Using the listing below, copy exactly the lines from the one containing "Two Kashmir giants, and" to the one containing "O marco icônico", both lines included, and no others.

— Input data —
⟨

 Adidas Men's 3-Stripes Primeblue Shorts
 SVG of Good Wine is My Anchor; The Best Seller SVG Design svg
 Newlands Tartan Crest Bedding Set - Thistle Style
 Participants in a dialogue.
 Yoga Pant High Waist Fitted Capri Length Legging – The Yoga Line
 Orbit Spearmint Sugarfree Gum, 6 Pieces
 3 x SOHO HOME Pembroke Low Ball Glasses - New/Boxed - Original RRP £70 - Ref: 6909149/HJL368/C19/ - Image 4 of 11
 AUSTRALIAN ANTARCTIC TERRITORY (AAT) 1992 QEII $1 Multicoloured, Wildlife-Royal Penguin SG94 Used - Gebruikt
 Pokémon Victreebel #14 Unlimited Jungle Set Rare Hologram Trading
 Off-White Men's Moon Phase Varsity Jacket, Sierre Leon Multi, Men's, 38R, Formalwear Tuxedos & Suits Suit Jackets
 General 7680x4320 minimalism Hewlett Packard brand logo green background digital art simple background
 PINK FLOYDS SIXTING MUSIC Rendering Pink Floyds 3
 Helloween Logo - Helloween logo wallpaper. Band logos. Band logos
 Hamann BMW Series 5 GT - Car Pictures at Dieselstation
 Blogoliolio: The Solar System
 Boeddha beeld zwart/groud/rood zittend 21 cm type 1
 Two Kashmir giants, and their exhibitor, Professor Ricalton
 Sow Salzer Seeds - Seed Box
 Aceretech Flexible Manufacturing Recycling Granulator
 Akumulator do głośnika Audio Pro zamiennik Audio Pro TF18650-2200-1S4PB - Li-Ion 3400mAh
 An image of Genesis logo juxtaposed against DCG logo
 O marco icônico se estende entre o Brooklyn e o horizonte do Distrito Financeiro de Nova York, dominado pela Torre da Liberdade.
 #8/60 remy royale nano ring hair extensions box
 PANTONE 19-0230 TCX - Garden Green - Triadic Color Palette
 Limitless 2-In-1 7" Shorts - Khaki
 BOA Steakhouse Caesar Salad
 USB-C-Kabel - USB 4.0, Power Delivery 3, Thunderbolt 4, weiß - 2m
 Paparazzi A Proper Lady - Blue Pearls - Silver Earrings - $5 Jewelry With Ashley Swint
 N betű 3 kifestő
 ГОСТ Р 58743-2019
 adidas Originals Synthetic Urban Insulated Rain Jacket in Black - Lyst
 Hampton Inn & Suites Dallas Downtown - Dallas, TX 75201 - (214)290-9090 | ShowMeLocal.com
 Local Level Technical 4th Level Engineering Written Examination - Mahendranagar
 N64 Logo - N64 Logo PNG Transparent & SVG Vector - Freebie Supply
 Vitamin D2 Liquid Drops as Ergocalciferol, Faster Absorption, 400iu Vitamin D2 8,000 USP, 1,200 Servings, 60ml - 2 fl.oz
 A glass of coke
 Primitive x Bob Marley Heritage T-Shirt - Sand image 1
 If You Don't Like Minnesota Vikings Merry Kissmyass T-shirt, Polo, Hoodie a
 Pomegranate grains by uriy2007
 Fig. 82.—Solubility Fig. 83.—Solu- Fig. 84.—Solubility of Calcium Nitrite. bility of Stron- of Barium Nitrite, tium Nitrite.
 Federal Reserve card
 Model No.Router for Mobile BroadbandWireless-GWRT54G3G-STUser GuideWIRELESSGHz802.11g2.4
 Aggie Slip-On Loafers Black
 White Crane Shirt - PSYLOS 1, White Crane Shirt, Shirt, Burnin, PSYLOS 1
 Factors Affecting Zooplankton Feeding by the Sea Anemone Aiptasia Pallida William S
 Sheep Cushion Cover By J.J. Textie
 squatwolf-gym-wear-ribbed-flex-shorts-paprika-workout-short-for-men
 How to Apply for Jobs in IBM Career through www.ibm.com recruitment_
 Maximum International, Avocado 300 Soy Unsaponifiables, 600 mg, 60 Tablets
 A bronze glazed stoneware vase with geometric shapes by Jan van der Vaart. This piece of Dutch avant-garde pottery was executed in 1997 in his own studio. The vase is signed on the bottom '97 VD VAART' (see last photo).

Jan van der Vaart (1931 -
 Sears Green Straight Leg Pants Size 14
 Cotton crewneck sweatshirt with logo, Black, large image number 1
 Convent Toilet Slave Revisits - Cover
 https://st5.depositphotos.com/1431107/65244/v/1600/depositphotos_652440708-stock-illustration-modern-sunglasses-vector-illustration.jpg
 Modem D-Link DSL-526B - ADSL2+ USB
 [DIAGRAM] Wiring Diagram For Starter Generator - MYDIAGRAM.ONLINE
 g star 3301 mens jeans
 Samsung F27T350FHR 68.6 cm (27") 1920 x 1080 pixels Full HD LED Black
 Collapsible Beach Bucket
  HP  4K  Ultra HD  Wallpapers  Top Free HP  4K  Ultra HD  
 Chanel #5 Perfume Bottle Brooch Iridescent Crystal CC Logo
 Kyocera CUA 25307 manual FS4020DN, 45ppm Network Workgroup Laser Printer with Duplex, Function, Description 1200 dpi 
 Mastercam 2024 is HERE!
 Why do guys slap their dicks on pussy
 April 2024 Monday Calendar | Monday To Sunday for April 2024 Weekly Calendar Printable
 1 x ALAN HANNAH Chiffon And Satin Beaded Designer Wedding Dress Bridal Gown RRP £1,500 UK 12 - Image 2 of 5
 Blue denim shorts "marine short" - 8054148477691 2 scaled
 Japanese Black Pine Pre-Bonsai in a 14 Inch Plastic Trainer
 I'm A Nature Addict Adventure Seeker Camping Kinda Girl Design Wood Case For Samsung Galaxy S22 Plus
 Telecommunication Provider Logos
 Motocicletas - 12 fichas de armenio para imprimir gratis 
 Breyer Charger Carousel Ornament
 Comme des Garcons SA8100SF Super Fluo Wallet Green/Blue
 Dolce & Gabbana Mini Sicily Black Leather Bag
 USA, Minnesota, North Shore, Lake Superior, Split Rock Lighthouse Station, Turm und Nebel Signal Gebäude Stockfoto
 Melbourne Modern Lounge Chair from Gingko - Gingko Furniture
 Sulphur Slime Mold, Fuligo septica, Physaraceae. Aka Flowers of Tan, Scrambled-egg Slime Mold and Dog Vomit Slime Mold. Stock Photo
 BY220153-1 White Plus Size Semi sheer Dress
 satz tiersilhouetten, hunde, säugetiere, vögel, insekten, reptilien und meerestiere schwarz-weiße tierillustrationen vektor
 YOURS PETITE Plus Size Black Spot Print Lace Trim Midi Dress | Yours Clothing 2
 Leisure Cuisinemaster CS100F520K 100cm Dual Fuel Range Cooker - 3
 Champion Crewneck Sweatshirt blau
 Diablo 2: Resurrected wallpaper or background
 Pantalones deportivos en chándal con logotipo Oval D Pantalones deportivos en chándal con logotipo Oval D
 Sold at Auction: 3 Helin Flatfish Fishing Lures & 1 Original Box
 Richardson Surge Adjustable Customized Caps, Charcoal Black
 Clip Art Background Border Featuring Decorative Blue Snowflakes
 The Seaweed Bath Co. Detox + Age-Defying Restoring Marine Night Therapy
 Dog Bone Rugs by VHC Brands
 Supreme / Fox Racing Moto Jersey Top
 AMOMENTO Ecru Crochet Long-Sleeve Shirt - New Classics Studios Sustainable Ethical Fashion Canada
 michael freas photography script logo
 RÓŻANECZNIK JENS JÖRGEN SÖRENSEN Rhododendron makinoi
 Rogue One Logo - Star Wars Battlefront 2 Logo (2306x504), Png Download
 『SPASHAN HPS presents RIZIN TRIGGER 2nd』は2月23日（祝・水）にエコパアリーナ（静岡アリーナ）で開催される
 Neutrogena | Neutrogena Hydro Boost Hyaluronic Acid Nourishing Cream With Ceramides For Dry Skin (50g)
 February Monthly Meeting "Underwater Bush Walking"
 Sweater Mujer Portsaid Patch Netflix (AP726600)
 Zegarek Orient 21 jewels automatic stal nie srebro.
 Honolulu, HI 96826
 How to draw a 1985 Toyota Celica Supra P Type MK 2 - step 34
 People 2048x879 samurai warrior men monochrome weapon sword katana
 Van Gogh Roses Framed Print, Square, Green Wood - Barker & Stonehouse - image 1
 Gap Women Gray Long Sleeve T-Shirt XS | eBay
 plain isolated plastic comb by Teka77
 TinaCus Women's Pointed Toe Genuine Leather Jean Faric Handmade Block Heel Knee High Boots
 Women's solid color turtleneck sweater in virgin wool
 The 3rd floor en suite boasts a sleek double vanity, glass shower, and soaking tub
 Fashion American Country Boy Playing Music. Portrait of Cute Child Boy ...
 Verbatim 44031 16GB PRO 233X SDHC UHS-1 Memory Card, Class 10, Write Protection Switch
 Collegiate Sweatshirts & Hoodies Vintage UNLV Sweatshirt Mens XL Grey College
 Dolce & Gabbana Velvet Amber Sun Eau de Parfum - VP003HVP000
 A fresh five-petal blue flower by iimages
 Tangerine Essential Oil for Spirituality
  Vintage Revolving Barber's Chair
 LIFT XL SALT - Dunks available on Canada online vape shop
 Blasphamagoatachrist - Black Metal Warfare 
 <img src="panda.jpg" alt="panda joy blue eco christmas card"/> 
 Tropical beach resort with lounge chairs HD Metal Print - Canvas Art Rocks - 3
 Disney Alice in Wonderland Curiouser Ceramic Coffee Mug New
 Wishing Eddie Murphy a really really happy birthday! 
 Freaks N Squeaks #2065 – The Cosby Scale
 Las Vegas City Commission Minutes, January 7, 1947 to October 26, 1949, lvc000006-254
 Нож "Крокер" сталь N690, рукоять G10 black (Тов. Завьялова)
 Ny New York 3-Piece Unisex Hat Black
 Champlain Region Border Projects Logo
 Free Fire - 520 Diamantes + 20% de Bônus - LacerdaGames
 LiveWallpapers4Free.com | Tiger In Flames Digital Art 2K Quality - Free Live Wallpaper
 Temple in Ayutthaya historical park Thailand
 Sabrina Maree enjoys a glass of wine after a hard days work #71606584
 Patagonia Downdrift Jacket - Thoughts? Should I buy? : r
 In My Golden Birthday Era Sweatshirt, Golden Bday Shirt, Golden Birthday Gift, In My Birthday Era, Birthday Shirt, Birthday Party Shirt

⟩

— Solution to the exercise —
 Two Kashmir giants, and their exhibitor, Professor Ricalton
 Sow Salzer Seeds - Seed Box
 Aceretech Flexible Manufacturing Recycling Granulator
 Akumulator do głośnika Audio Pro zamiennik Audio Pro TF18650-2200-1S4PB - Li-Ion 3400mAh
 An image of Genesis logo juxtaposed against DCG logo
 O marco icônico se estende entre o Brooklyn e o horizonte do Distrito Financeiro de Nova York, dominado pela Torre da Liberdade.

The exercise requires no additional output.